Funded by the John S. and James L. Knight Foundation and the SNF Ithaca Initiative team, the team discovered that 39% of U.S. TV markets had duplicating station pairs, reaching over a third of American TV households. Smaller markets were more likely to have these overlaps. In some cases, two stations in the same city aired nearly identical newscasts night after night.

The duplication usually happened within the same geographic market (86% of cases) rather than between different regions. On average, these station pairs had identical content 65% of the time.

"In any other context, this would be plagiarism," said Yanich, noting that he and Bagozzi intentionally examined stations over 91 days to cover a body of content large enough to provide meaningful results.

The result?
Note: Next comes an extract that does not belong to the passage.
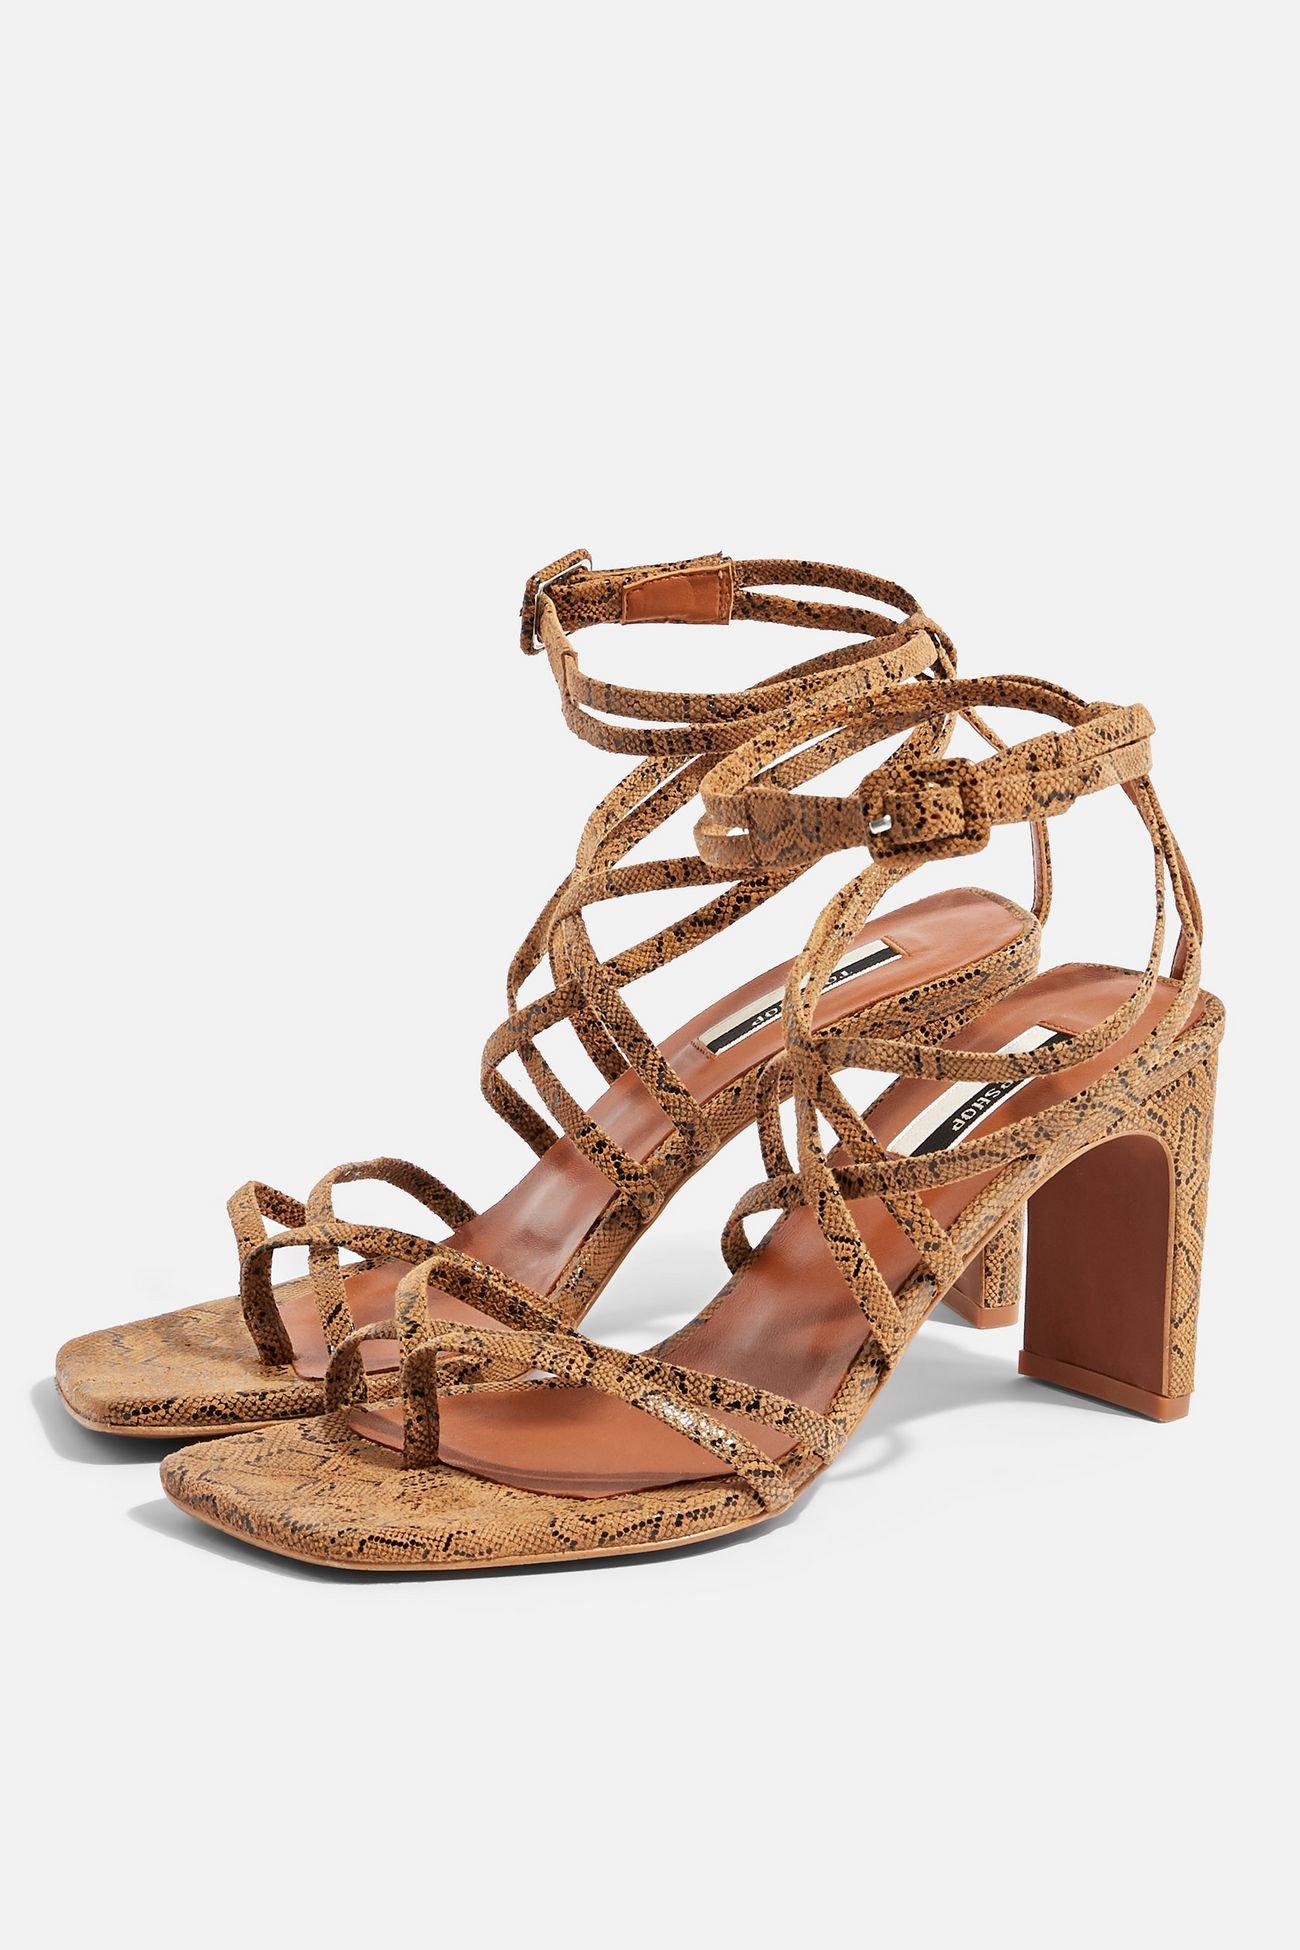 RAJA Natural Strap Mid Sandals | Topshop

A pattern of duplication stemming from business arrangements between stations. The most common are service agreements, where one television station produces news for another, often sharing studios and staff. Service-agreement-linked stations had duplication rates twice as high as stations that were simply co-owned. Other arrangements include duopolies (when one company owns two stations in the same market) and common ownership of stations in different markets.

For Yanich, the finding isn't especially surprising.

"These are profit-seeking entities," he said of the media conglomerates. "You enhance profits through economies of scale, and when you only bear the cost of production once, you can present the same story over and over again."

Four major station groups - Nexstar, Gray, News-Press and Gazette, and Sinclair - controlled more than half of all duplicating station pairs. Nexstar alone was responsible for 22% of them.

Yet local TV remains America's most trusted news source. Over three-quarters of Americans say they trust it more than newspapers, radio or online news. And while national cable networks attract significant attention, their audiences are often smaller than the combined reach of local broadcasts.

The study's authors stress that while consolidation may make financial sense for station owners, it raises important questions about the future of local journalism. If more and more markets see their "local" stations airing the same news, communities may lose the independent voices that help keep citizens informed and hold local leaders accountable.

As a result, the general public must confront an information ecosystem increasingly misaligned with their needs.

"There is no magic action to override this media landscape," said Yanich. "Citizenship is hard, and it's getting harder. But like I tell my students, 'When someone says, This happened, your first question should be, How do you know? How do you know it happened? If the answers meet your standard of logic and understanding, then take it. But understanding takes work."